## [GIVEN DATA]
[Start of Attachment]
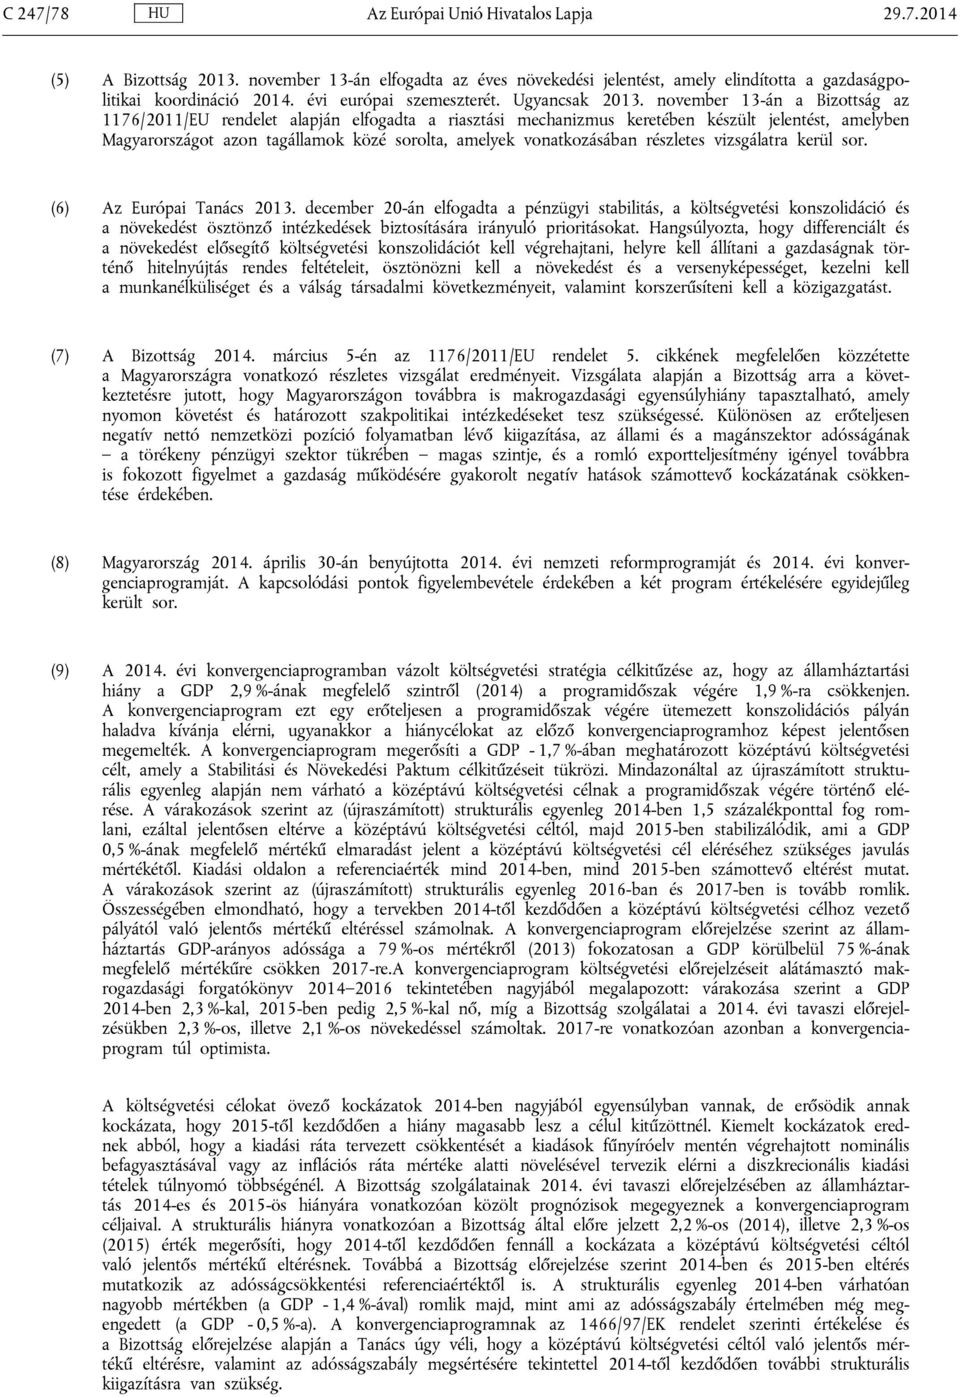 november 13-án a Bizottság az 1176/2011/EU rendelet alapján elfogadta a riasztási mechanizmus keretében készült jelentést, amelyben Magyarországot azon tagállamok közé sorolta, amelyek vonatkozásában
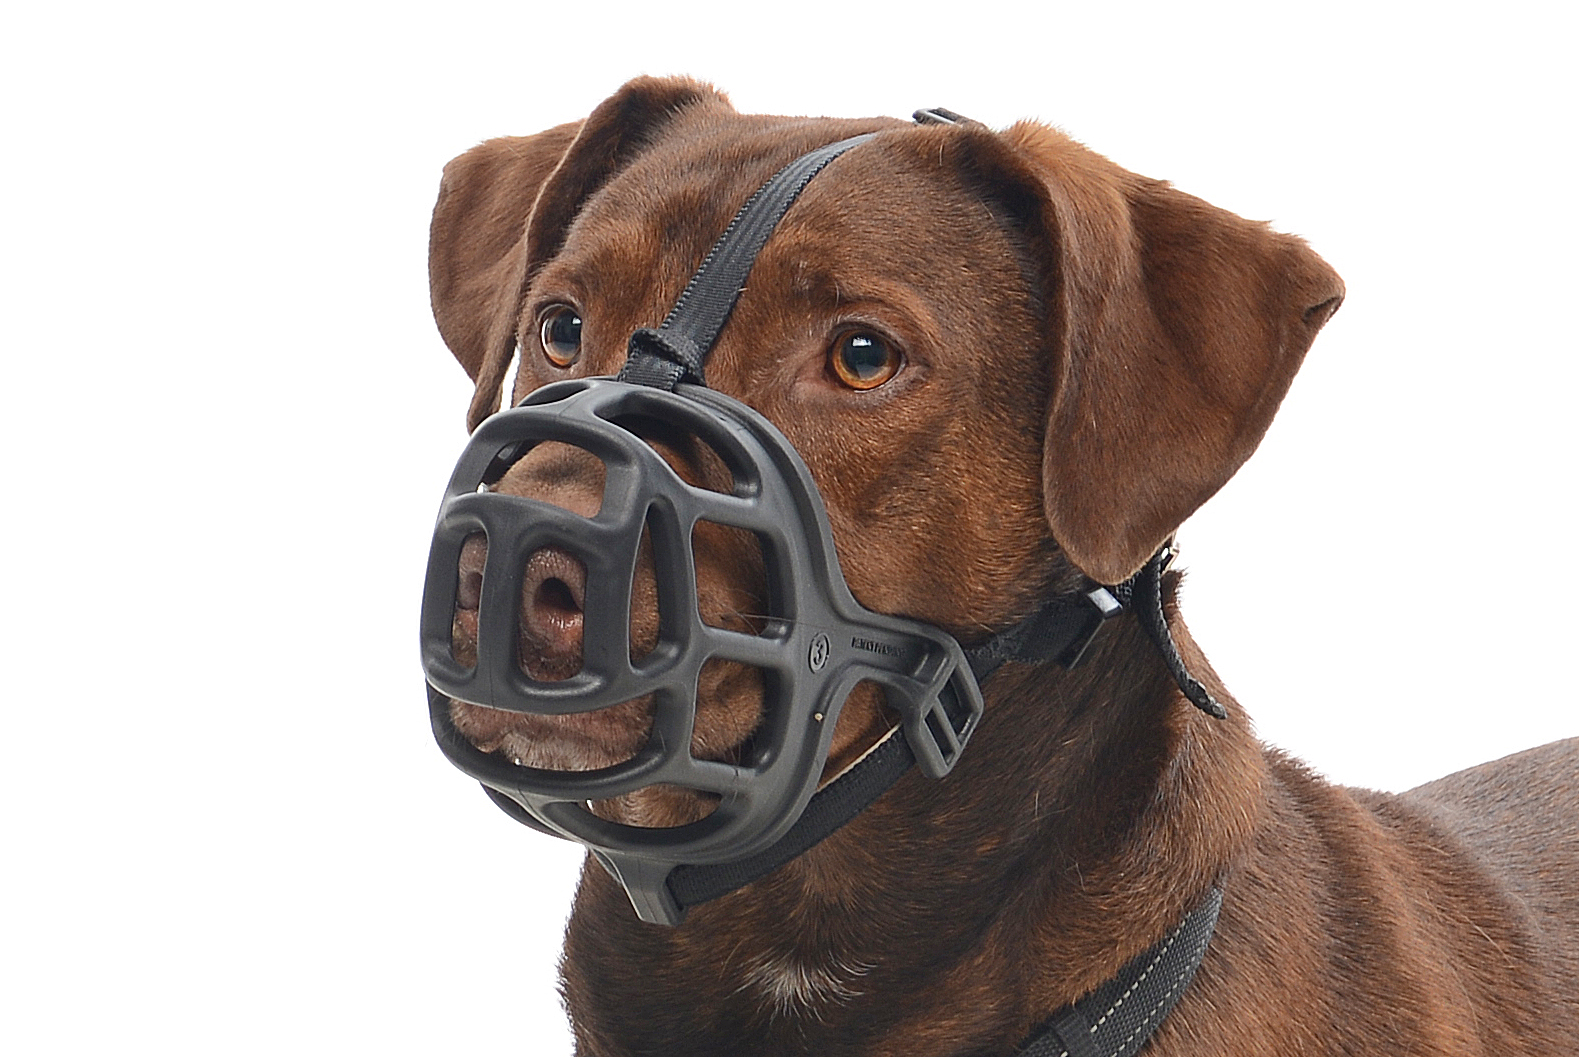 BUSTER Extreme dog muzzle, size 6
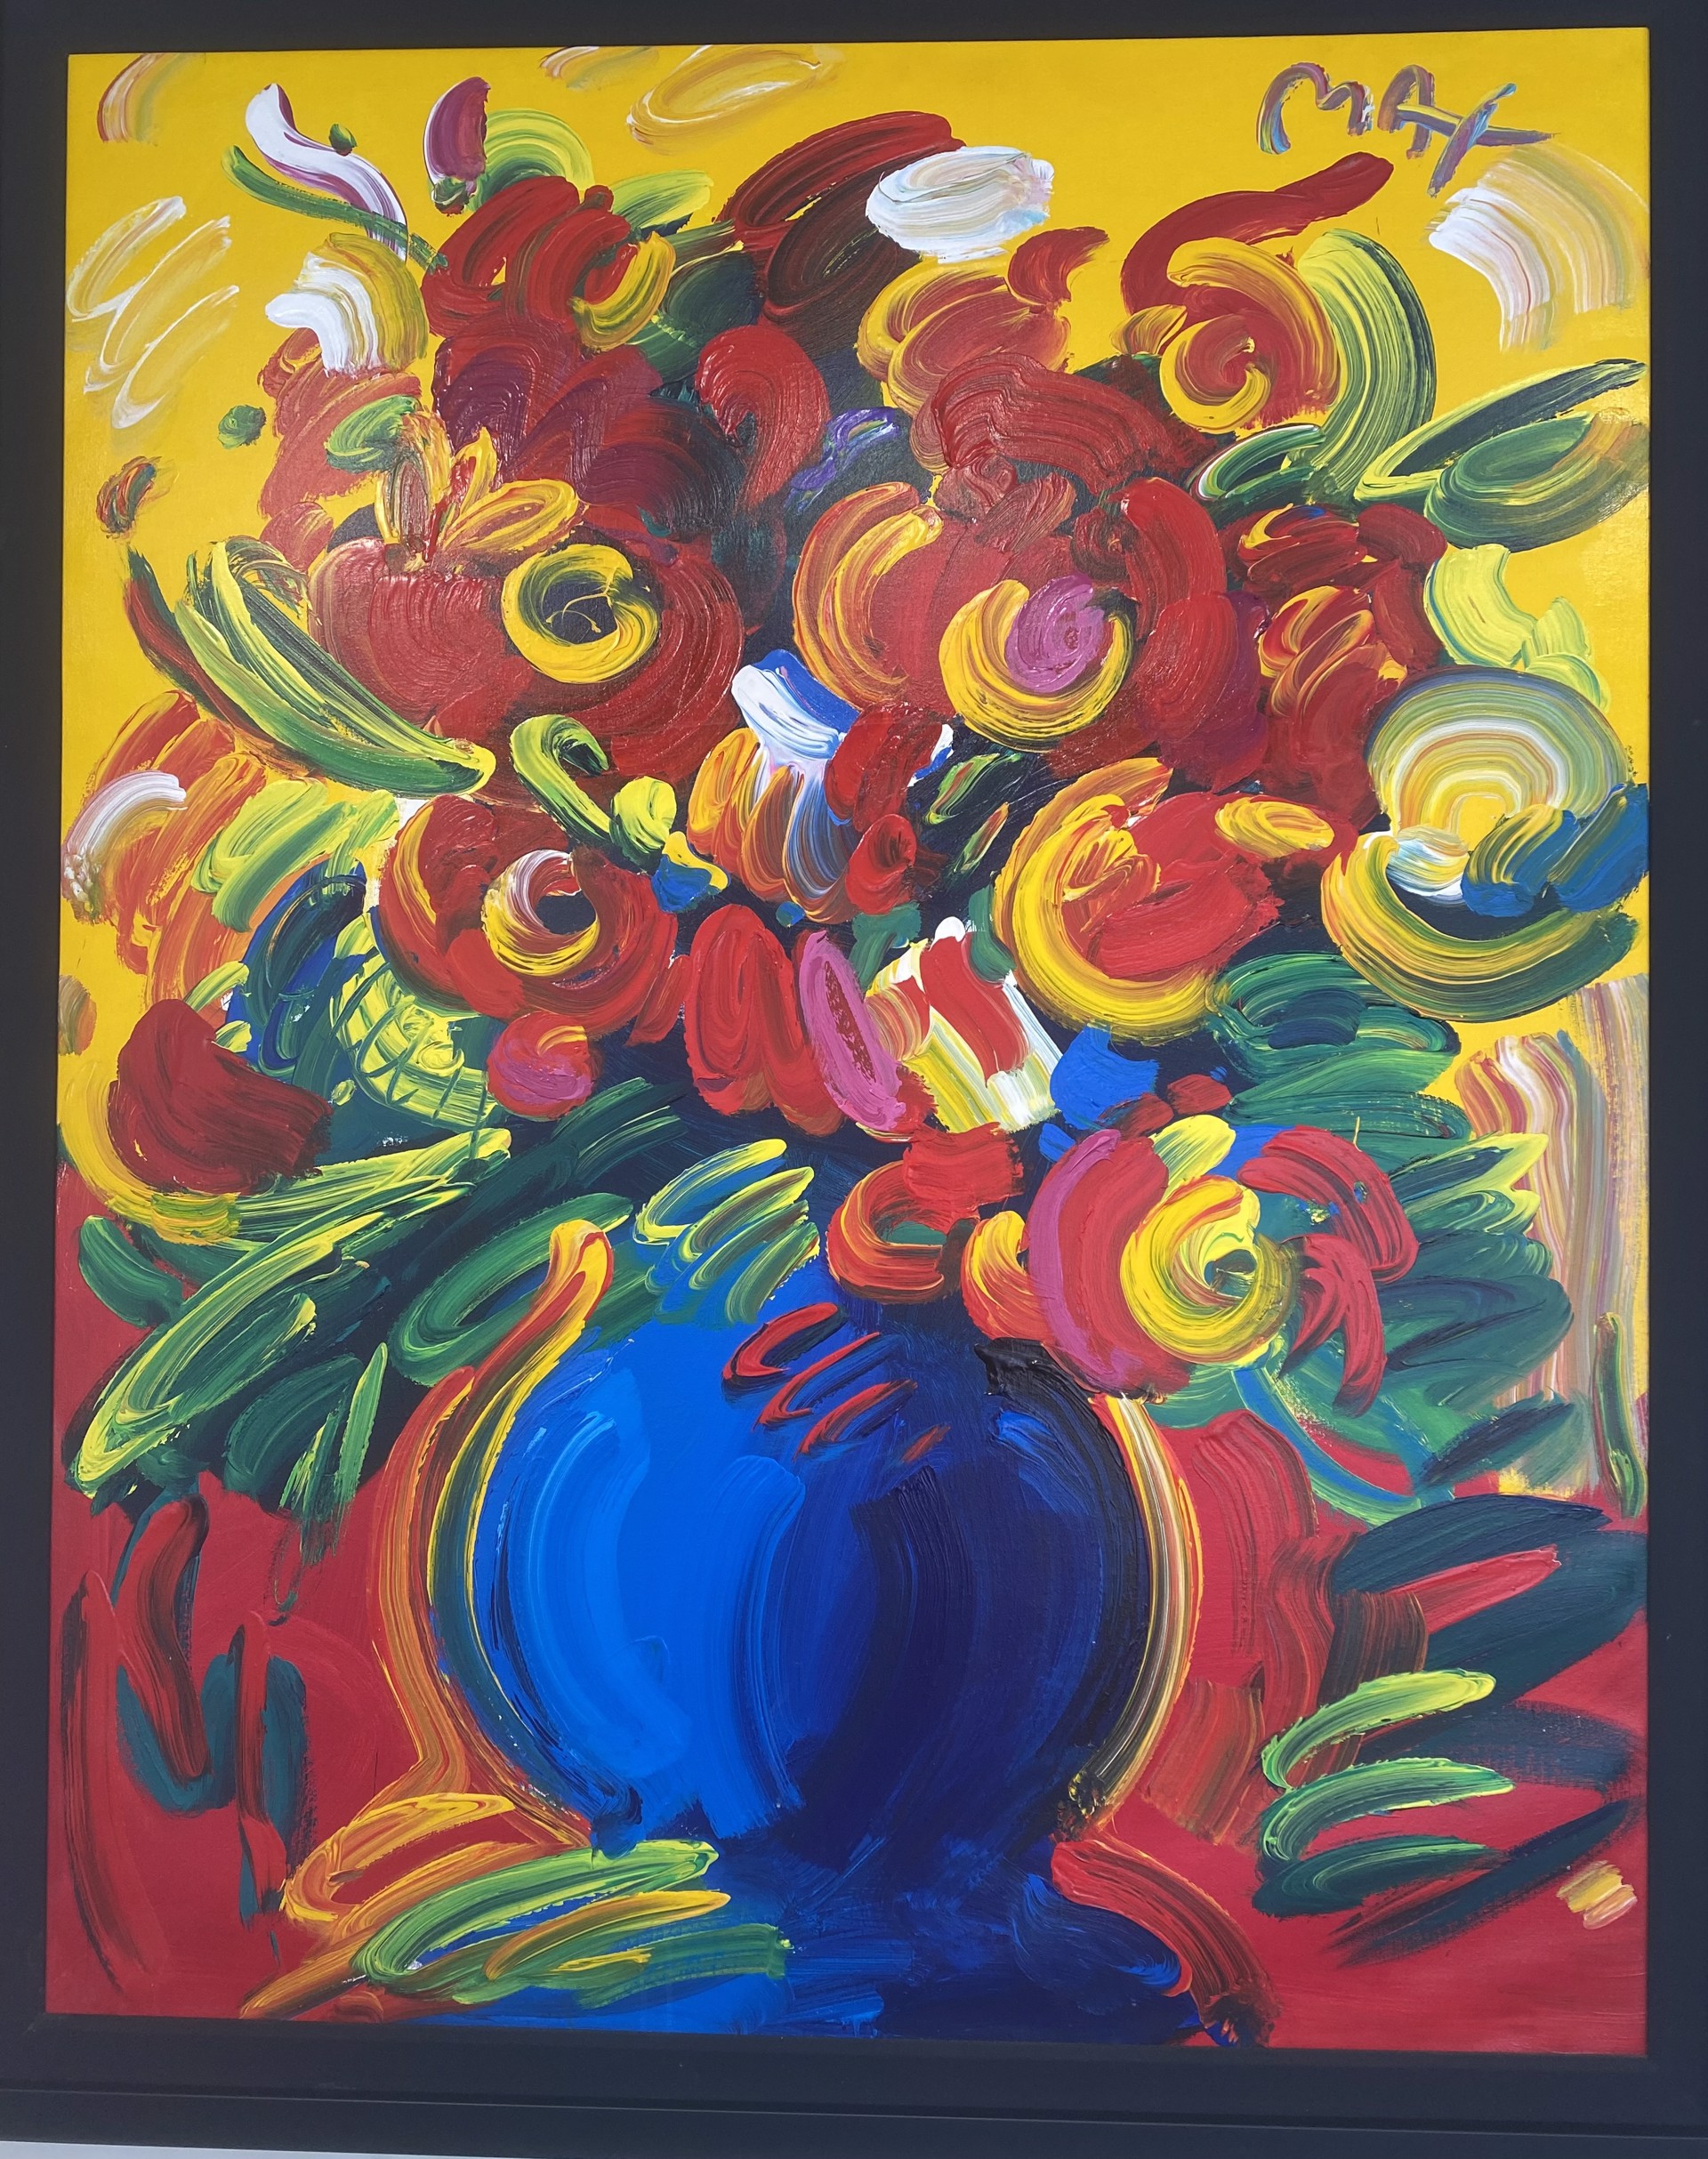 Vase of Flowers Series by Peter Max
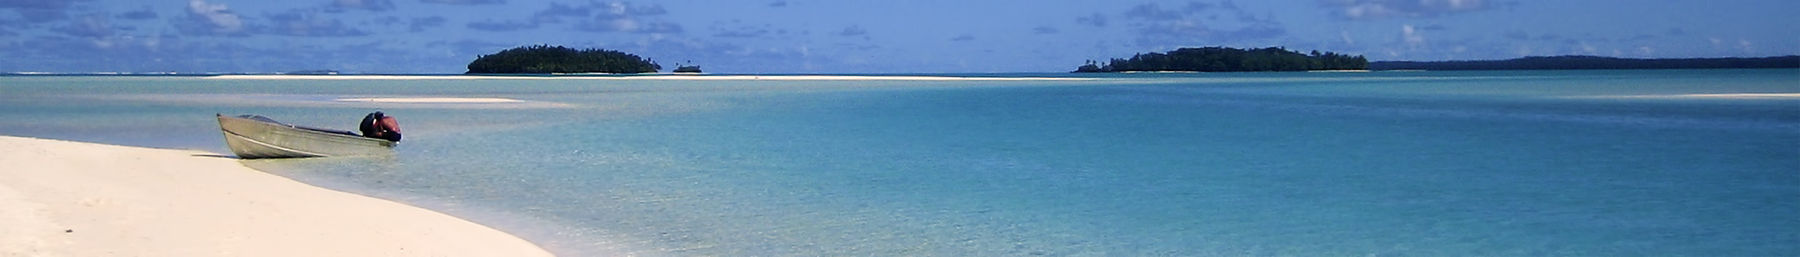 Bãi biển Quần đảo Cook banner.jpg
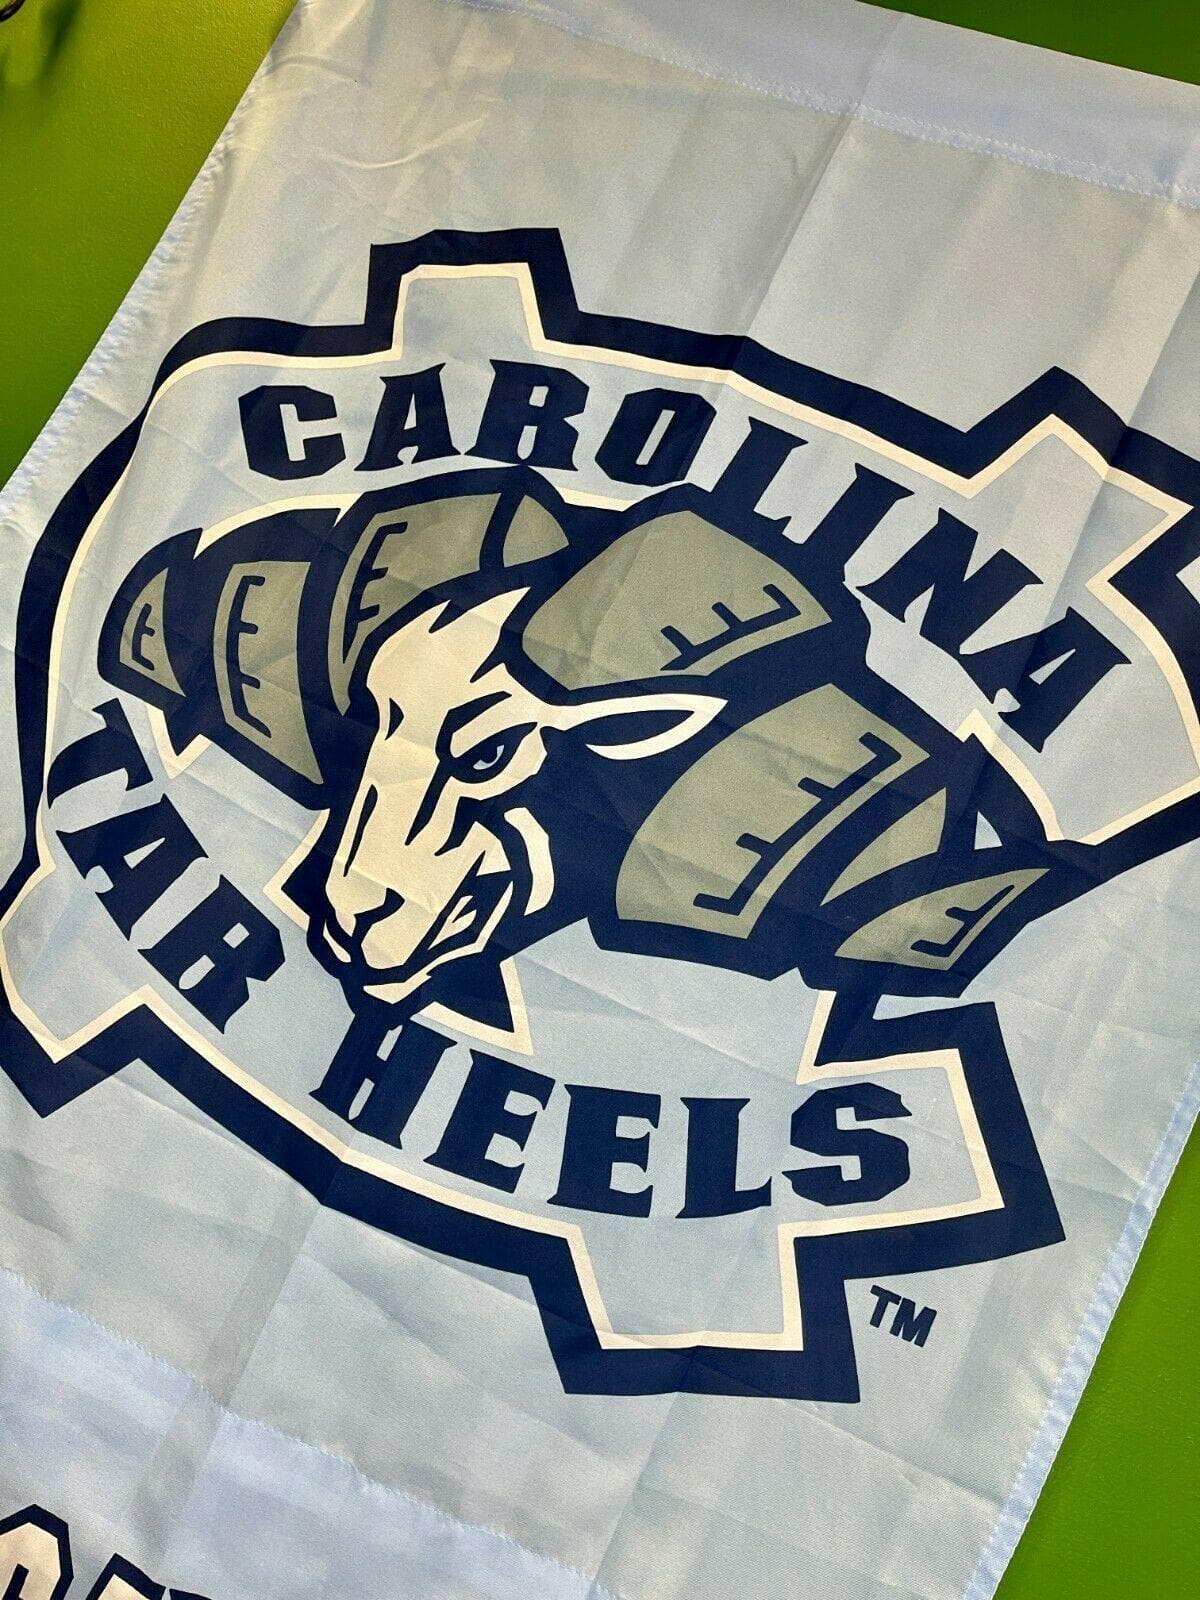 NCAA North Carolina Tar Heels Indoor Flag-Vertical Banner
[End of Attachment]
## [WORK REQUEST]
Can you retype every record above exactly, leaving out the pictures?

## [OUTPUT BELOW]
 november 13-án a Bizottság az 1176/2011/EU rendelet alapján elfogadta a riasztási mechanizmus keretében készült jelentést, amelyben Magyarországot azon tagállamok közé sorolta, amelyek vonatkozásában
 BUSTER Extreme dog muzzle, size 6
 Vase of Flowers Series by Peter Max
 Bãi biển Quần đảo Cook banner.jpg
 NCAA North Carolina Tar Heels Indoor Flag-Vertical Banner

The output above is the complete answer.